● **Collected data**:

********************

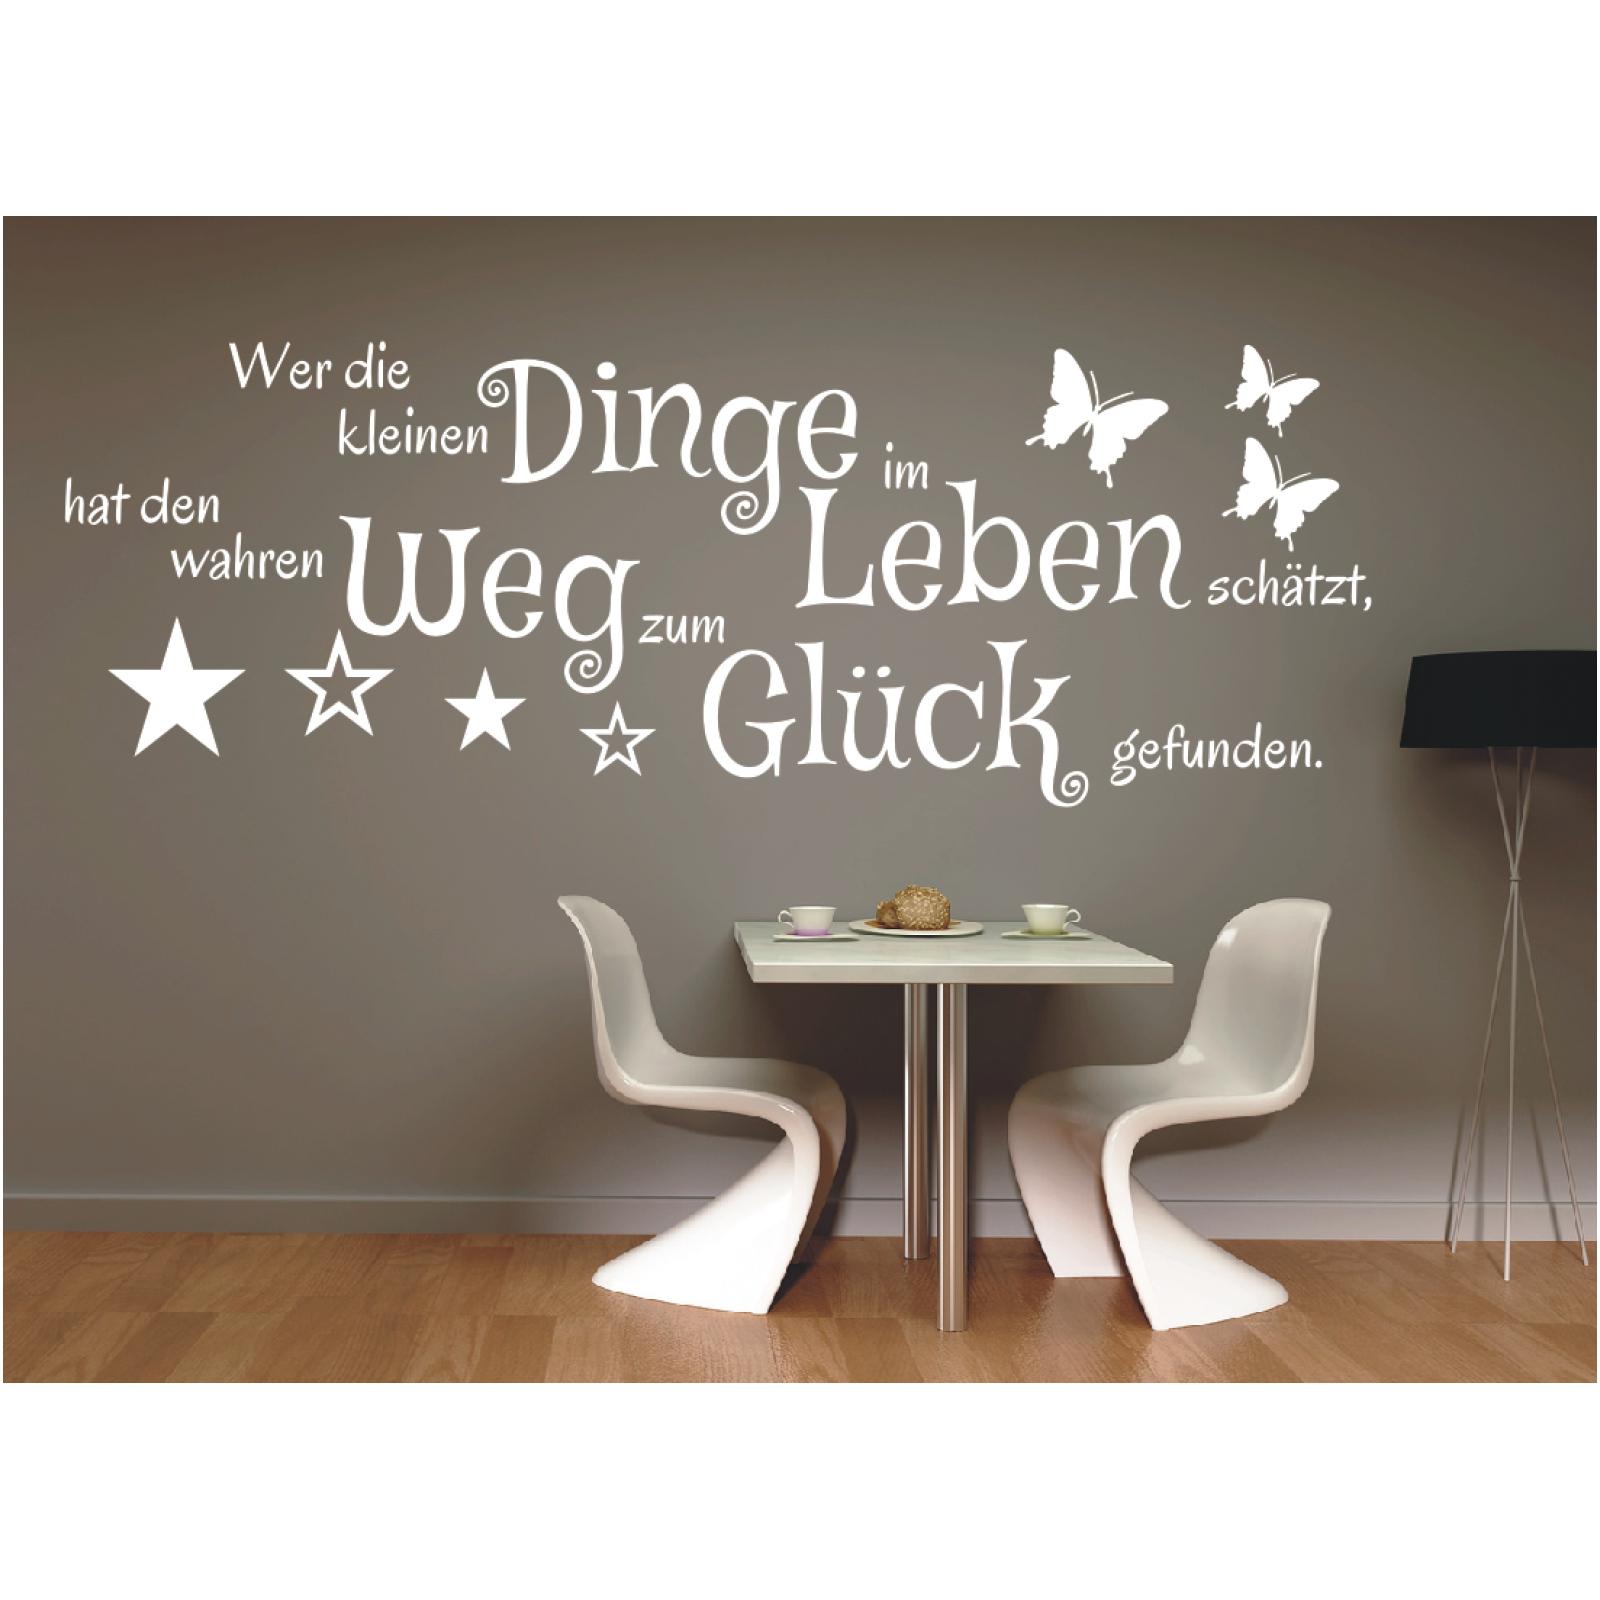 Spruch WANDTATTOO Dinge im Leben Weg Glück Wandsticker Wandaufkleber Sticker d
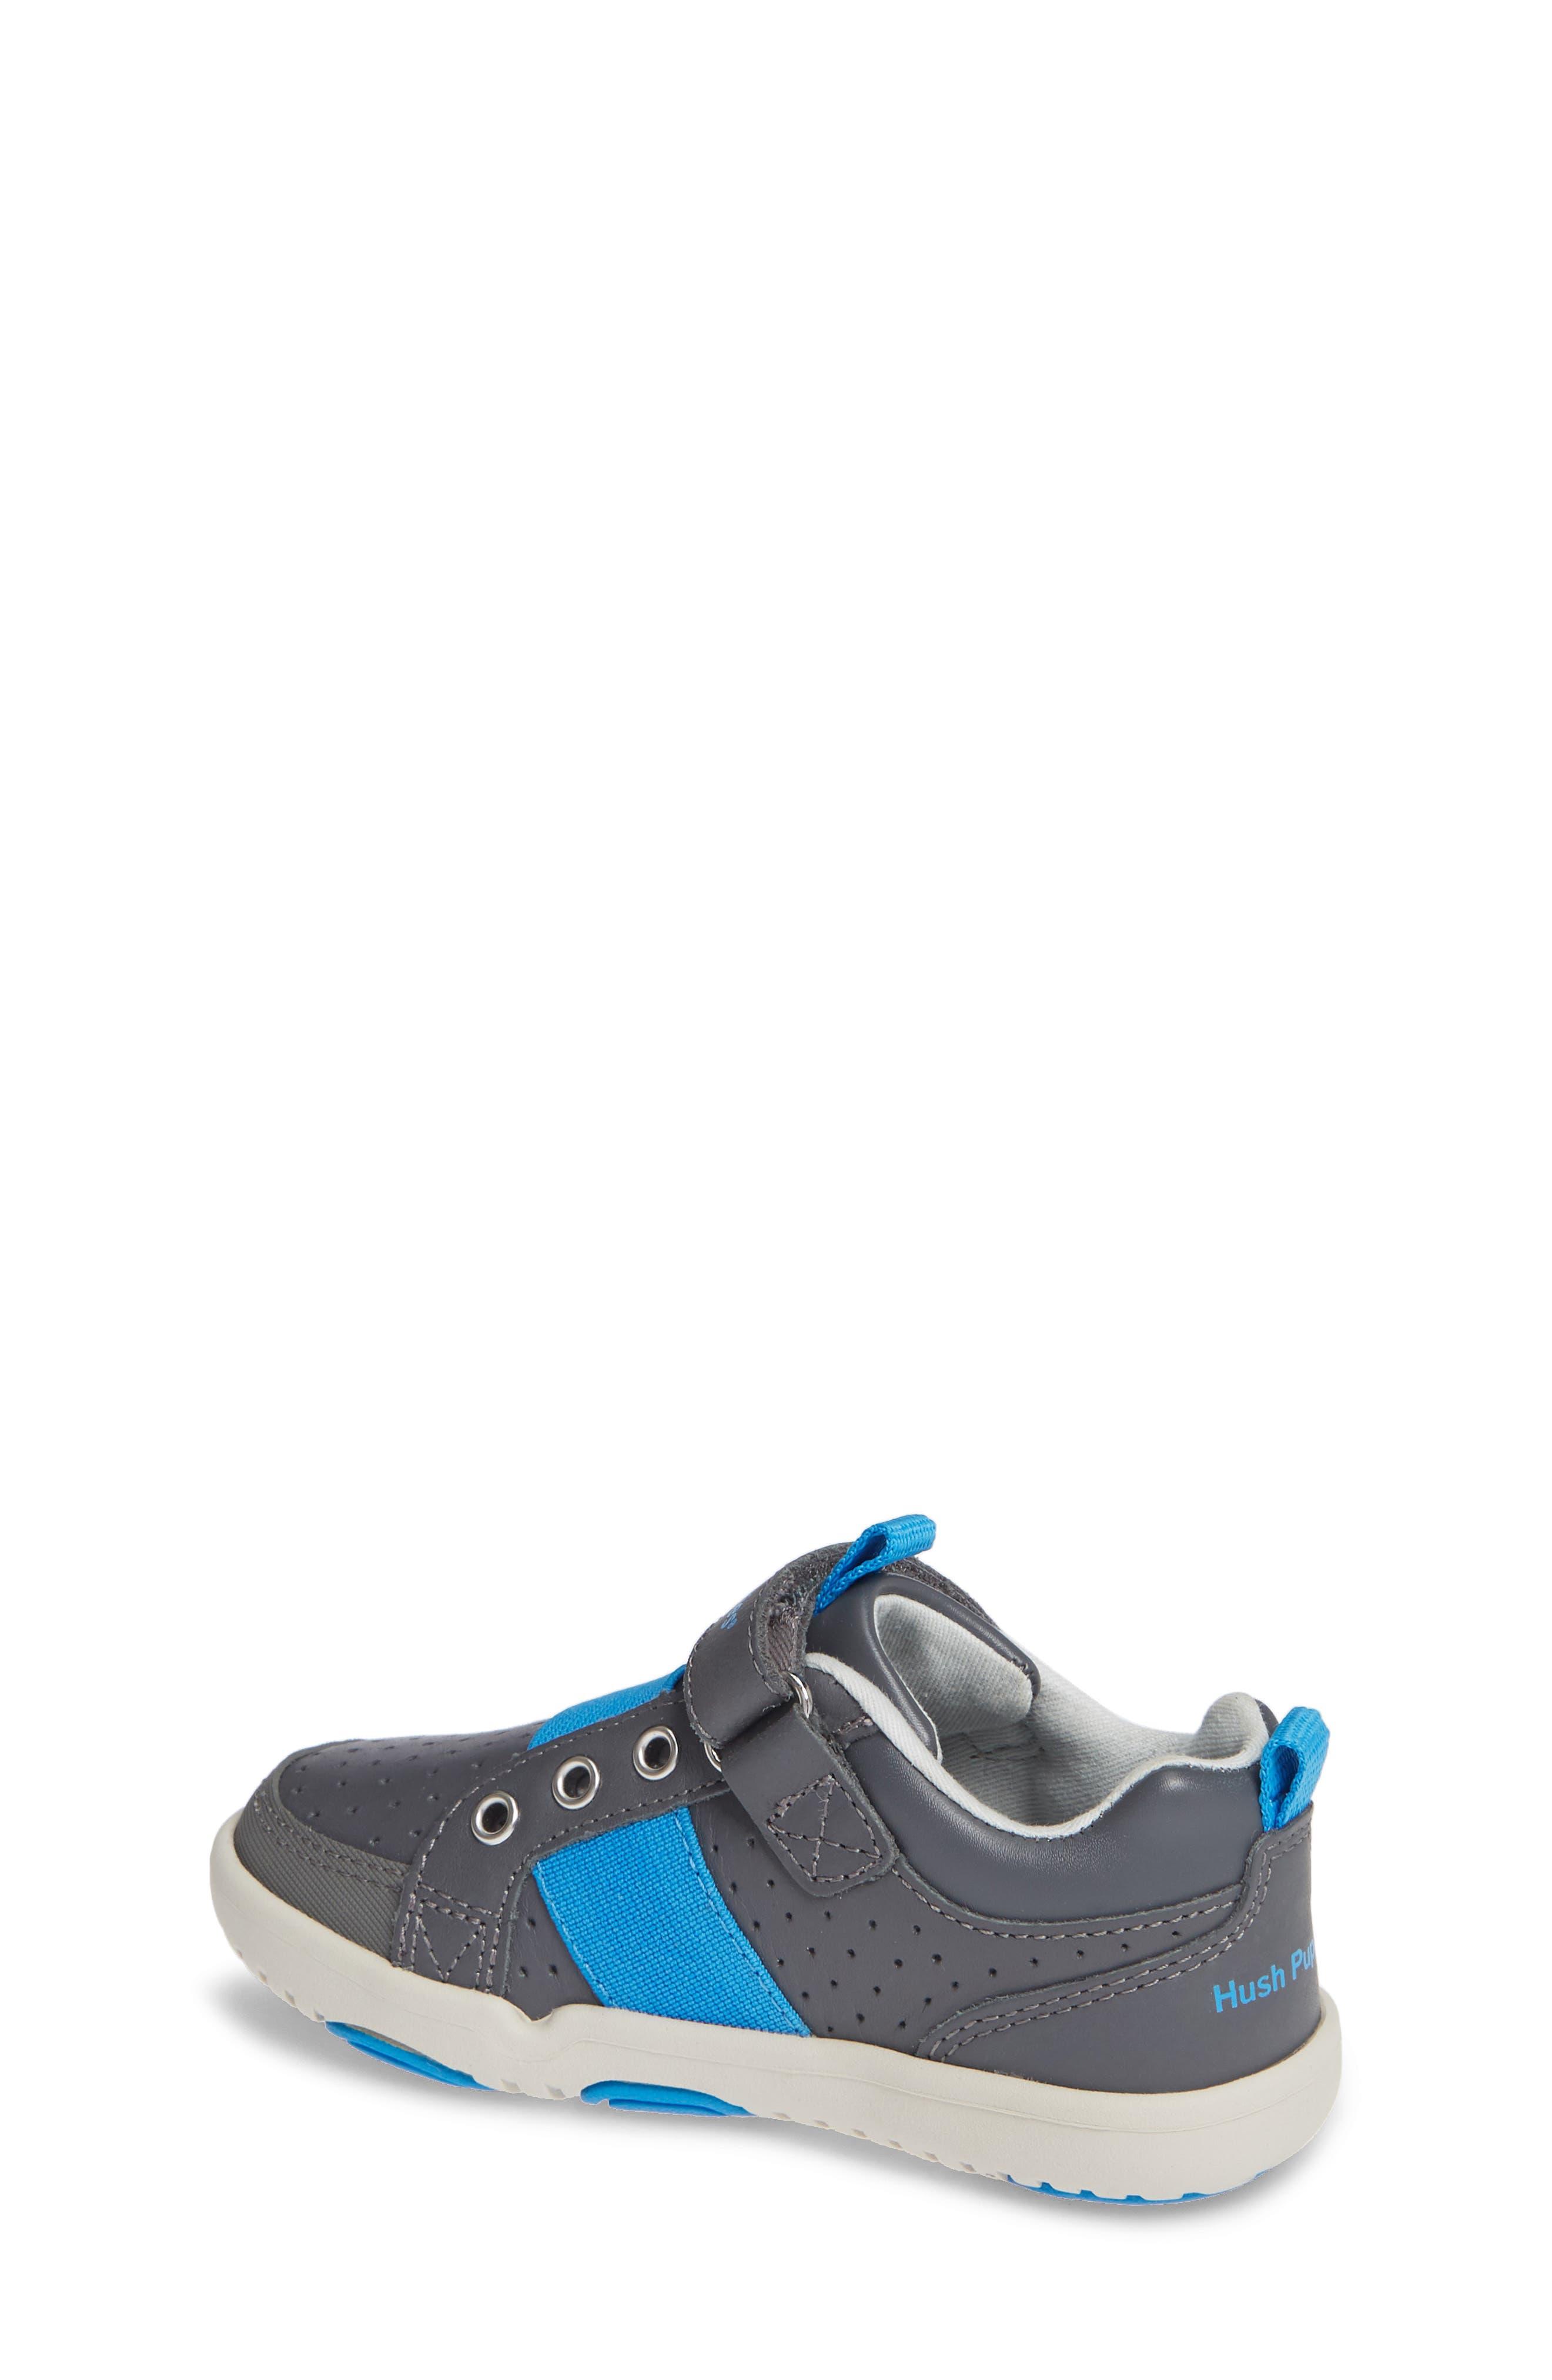 Jesse Sneaker,                             Alternate thumbnail 2, color,                             GREY
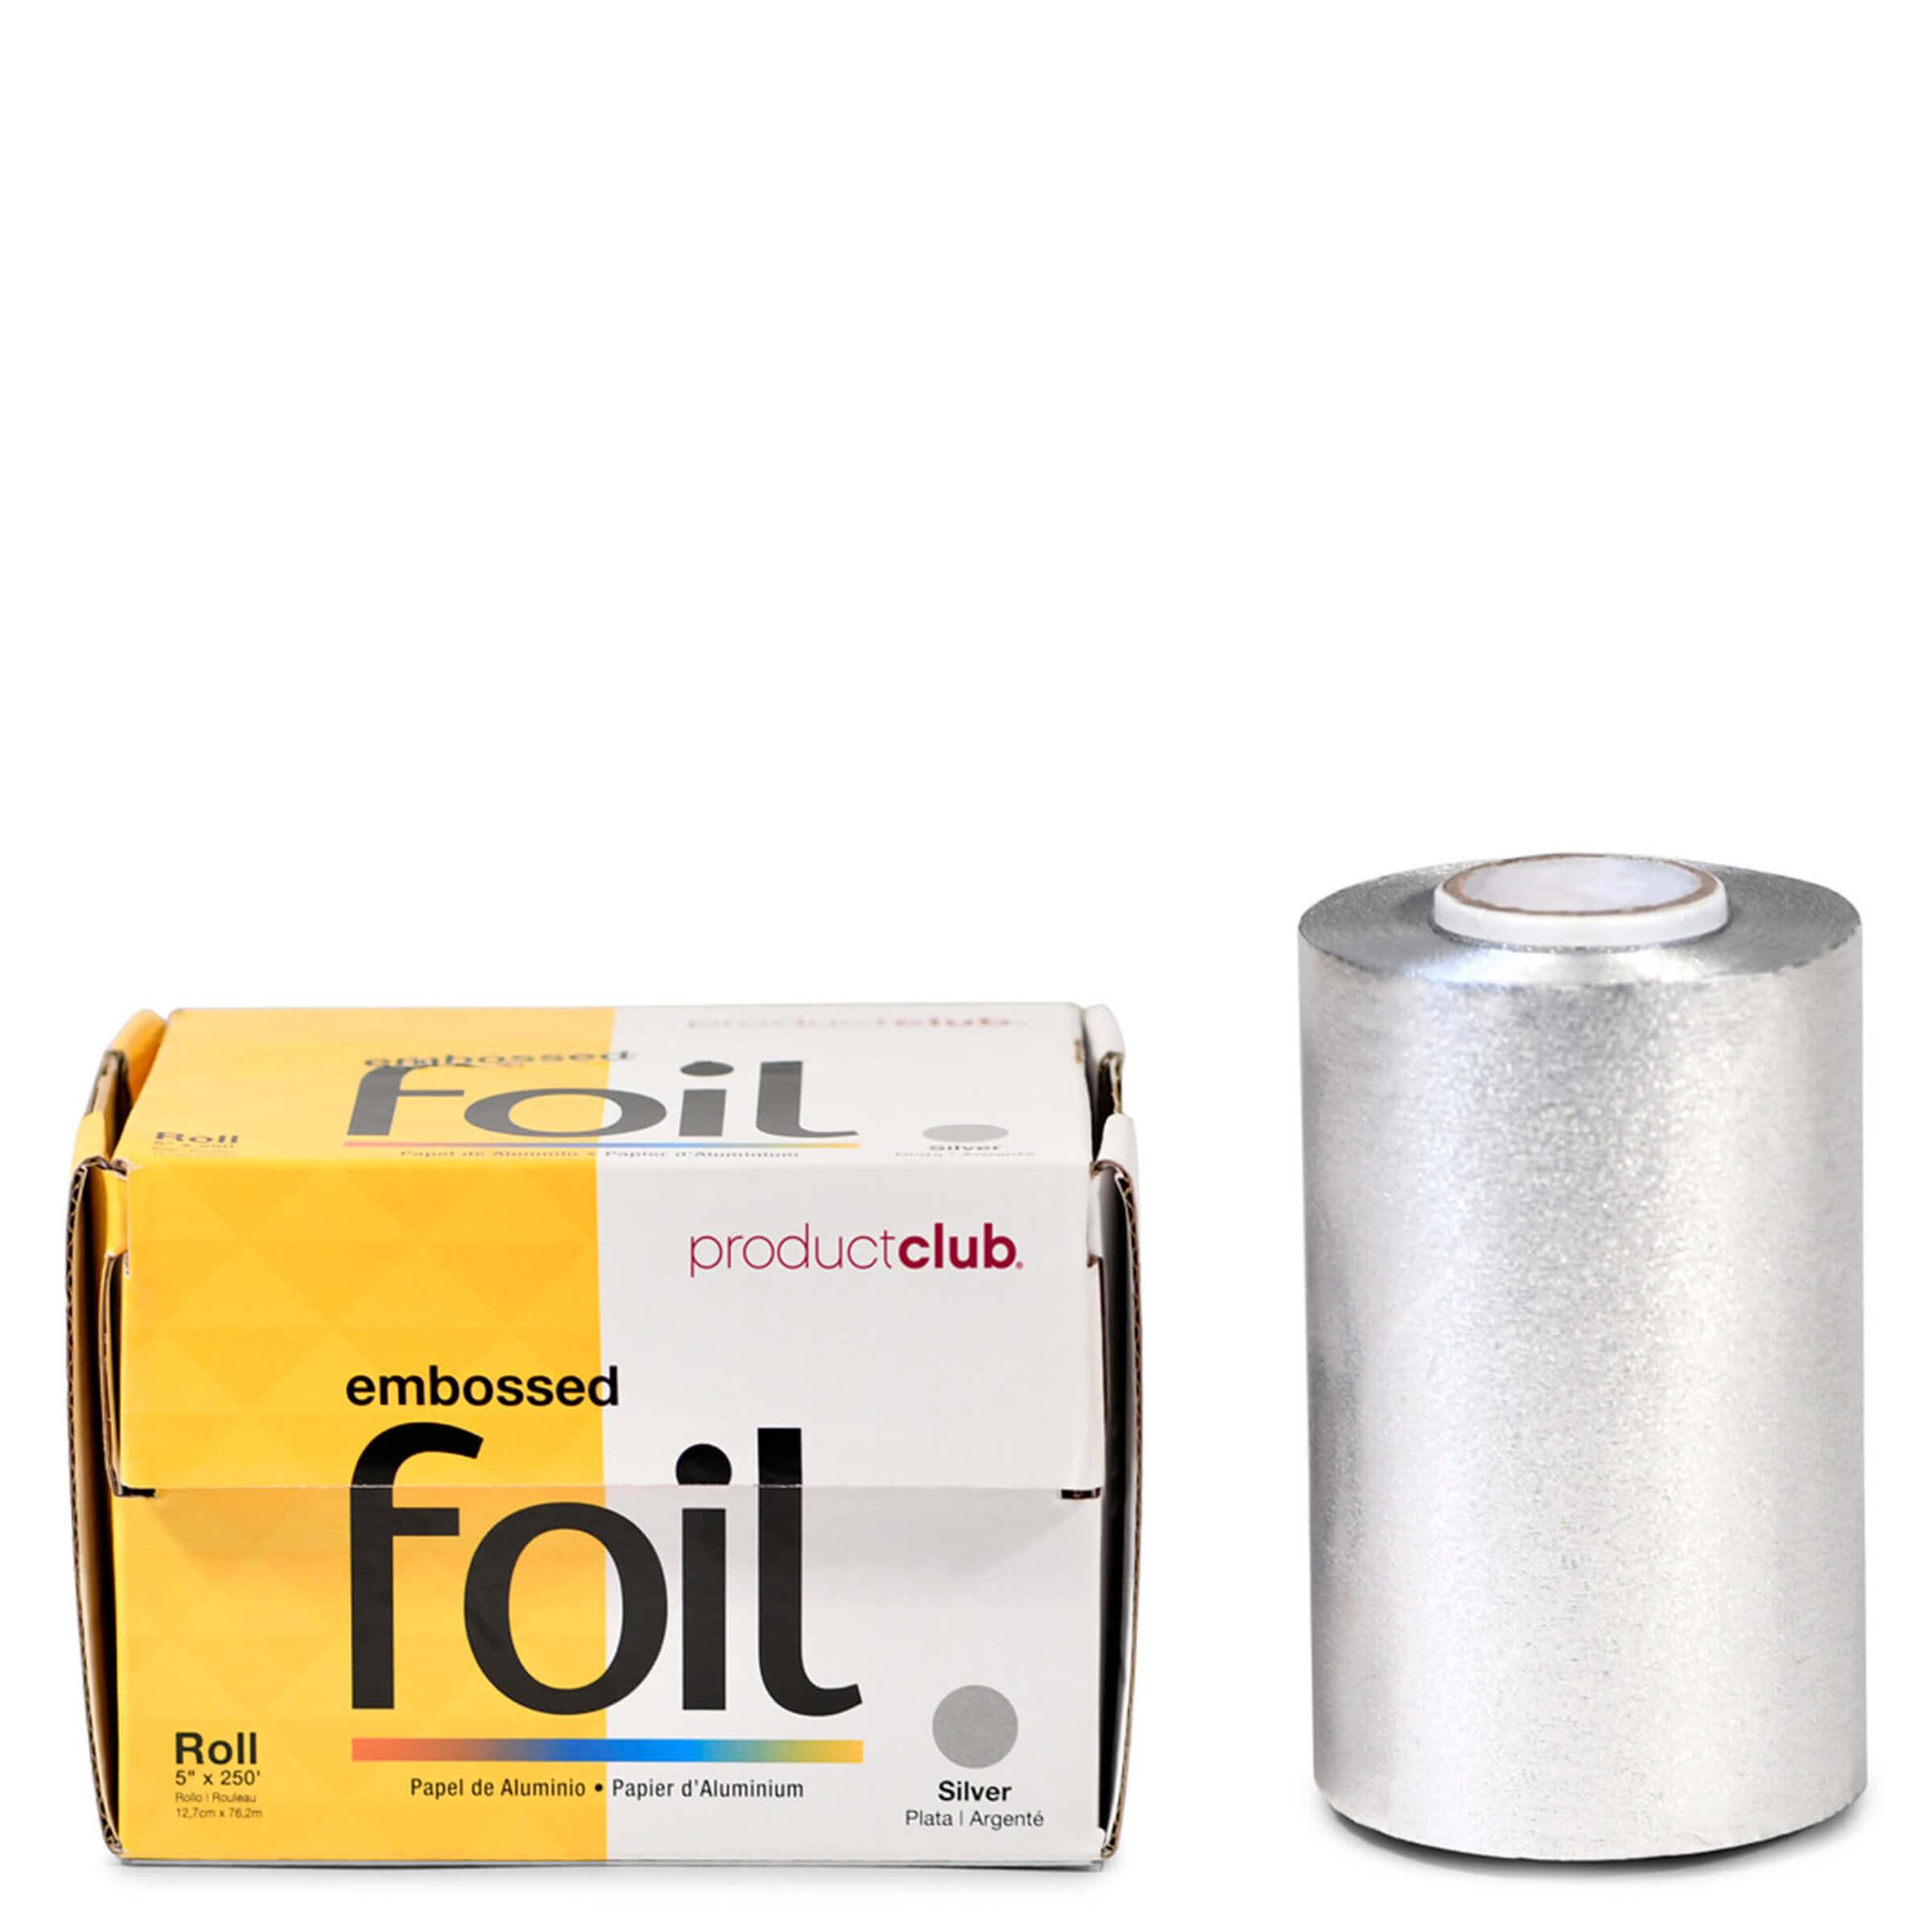 RFE-250S Hair Dye Foil

********************

● **Exercise goal**: Each line of the listing must be restated word for word, and the pictures left out.

● **Solution for this task**:
 Spruch WANDTATTOO Dinge im Leben Weg Glück Wandsticker Wandaufkleber Sticker d
 Jesse Sneaker,                             Alternate thumbnail 2, color,                             GREY
 RFE-250S Hair Dye Foil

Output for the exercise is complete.